> Dataset extract
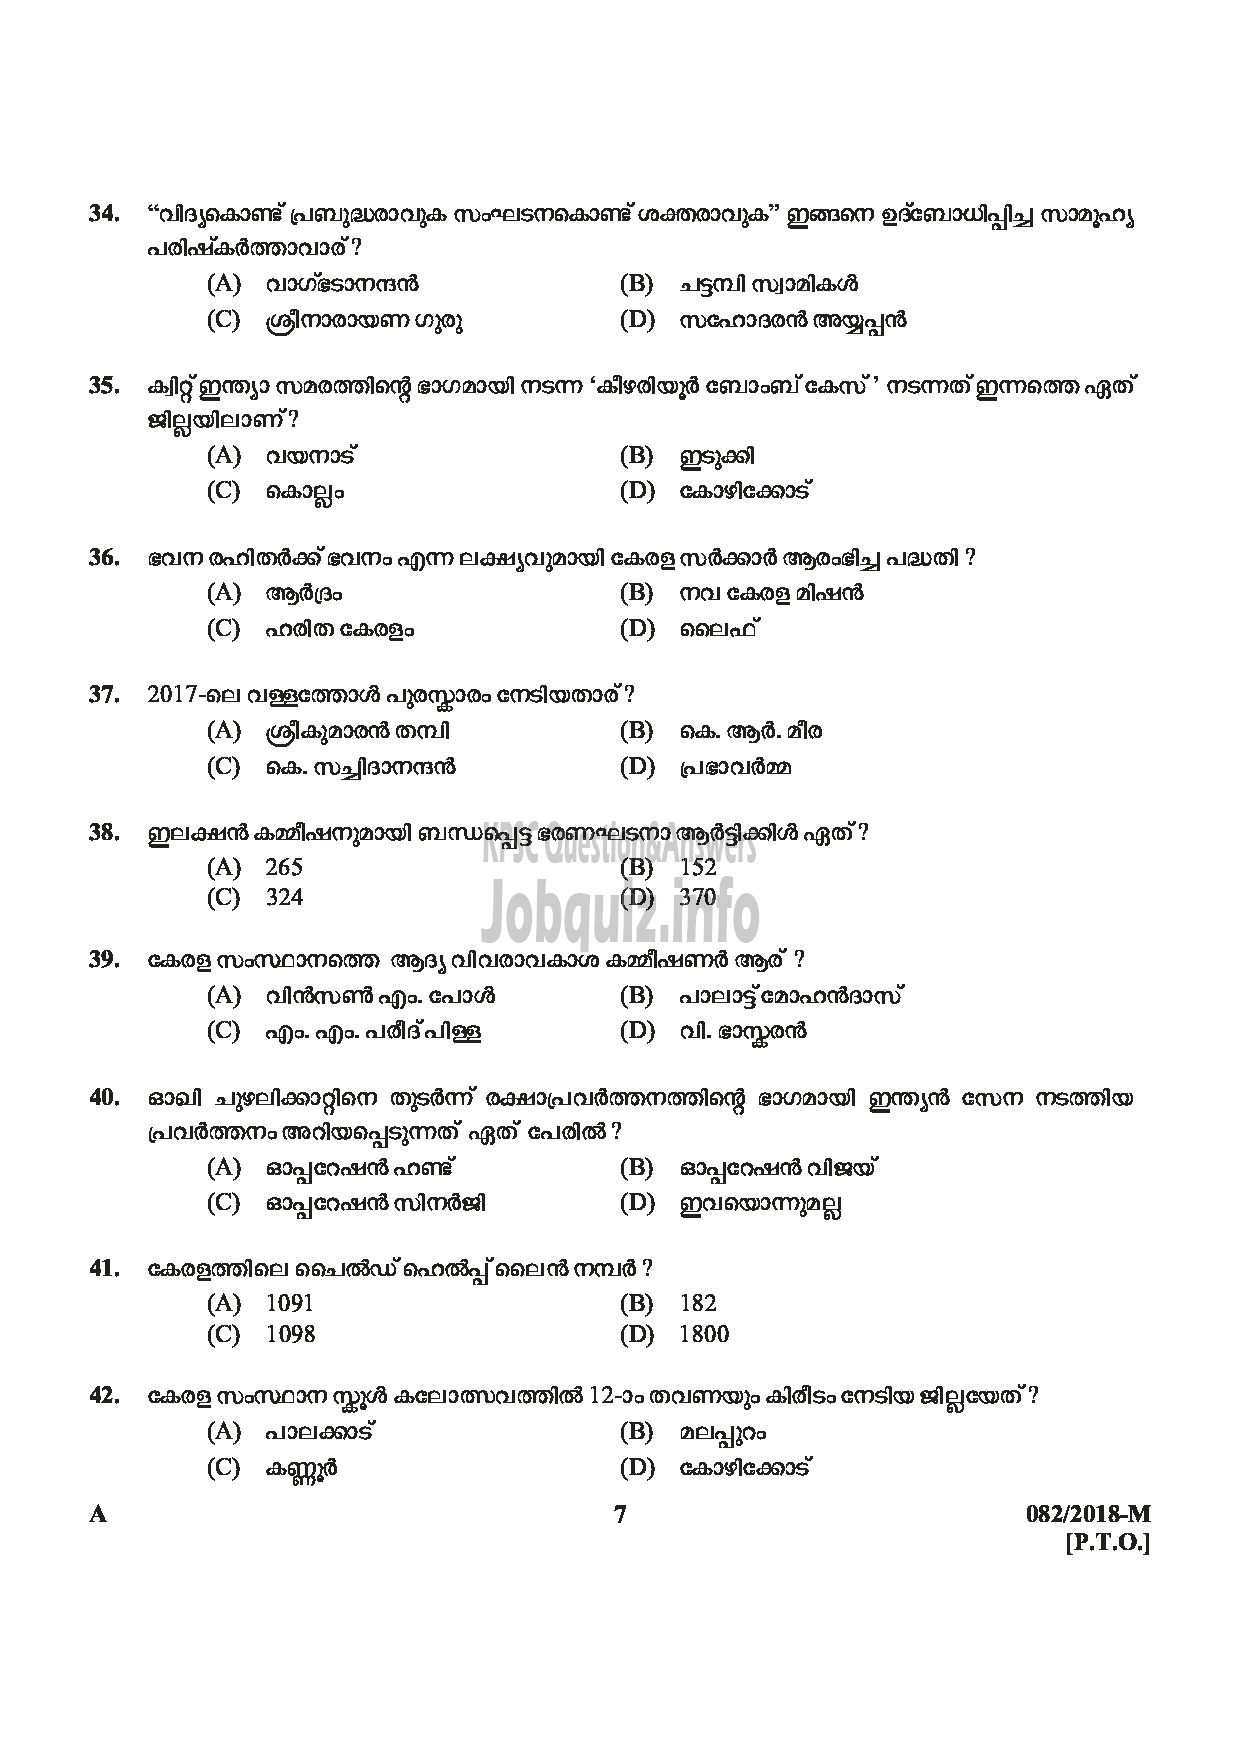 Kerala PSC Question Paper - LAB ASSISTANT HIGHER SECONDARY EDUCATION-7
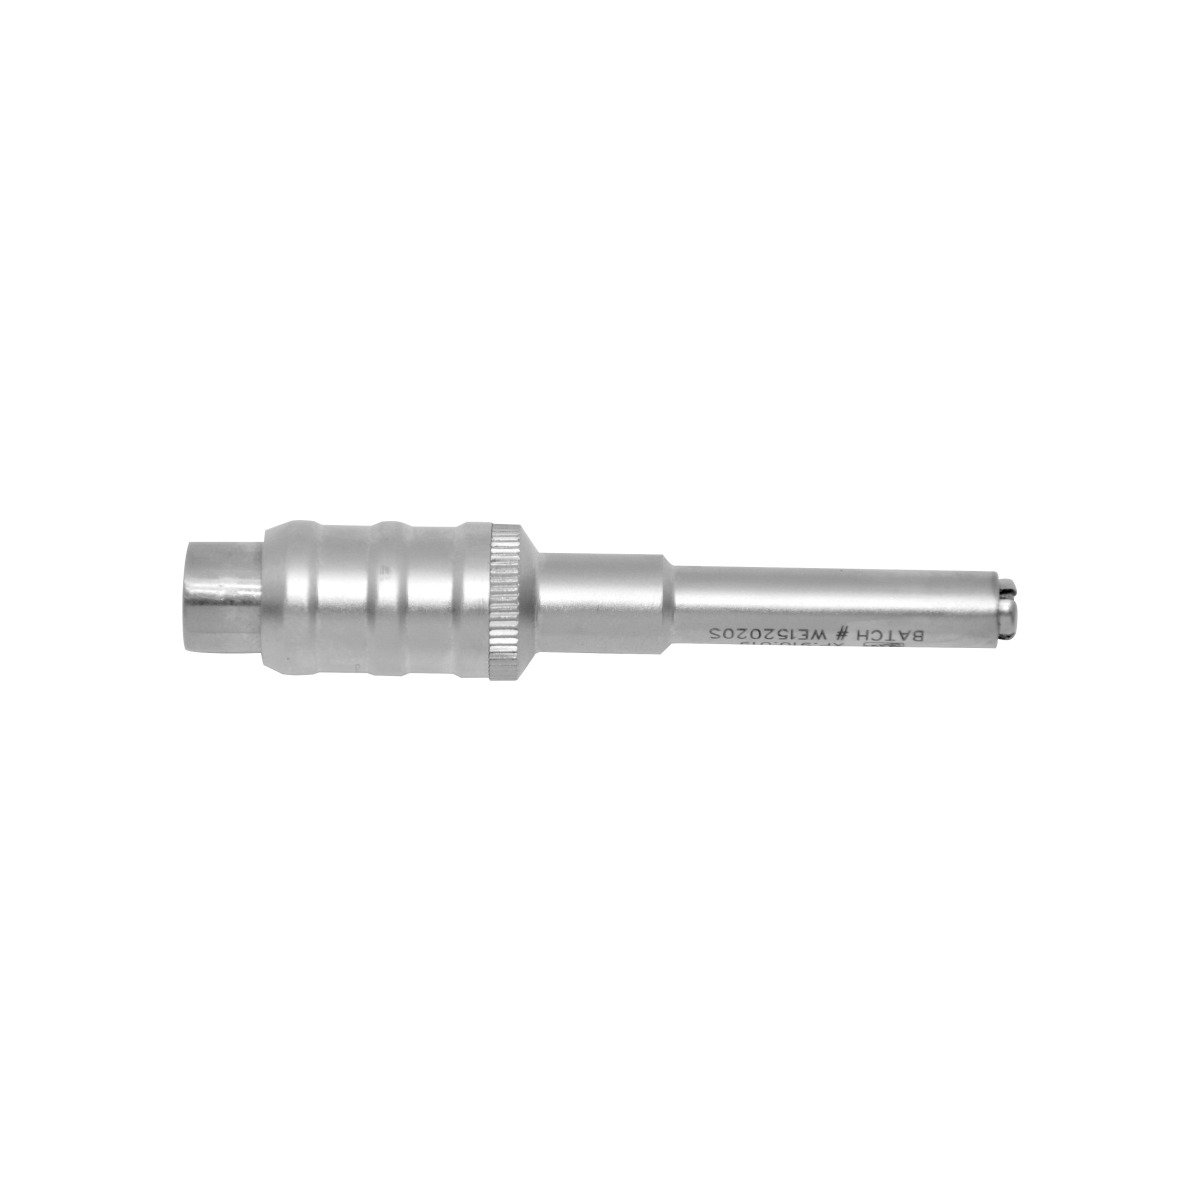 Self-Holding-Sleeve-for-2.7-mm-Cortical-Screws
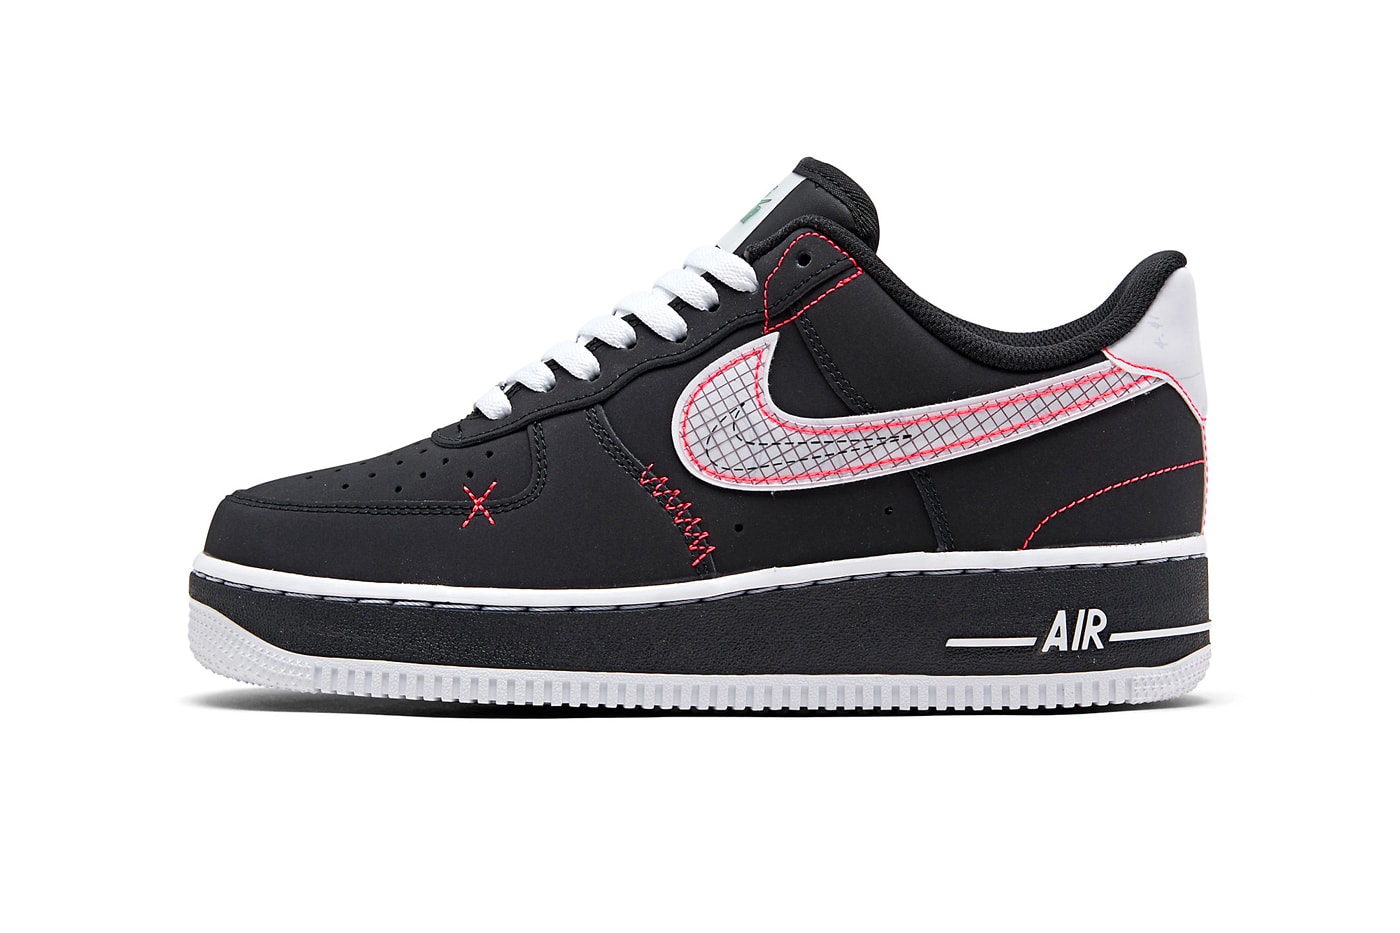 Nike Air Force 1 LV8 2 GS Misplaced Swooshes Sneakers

> Assignment
Copy nothing but the lines above from the one with "Self-Holding-Sleeve-for-2.7-mm-Cortical-Screws" through the end of the material, word for word, and drop the pictures.

> Exercise answer
 Self-Holding-Sleeve-for-2.7-mm-Cortical-Screws
 Nike Air Force 1 LV8 2 GS Misplaced Swooshes Sneakers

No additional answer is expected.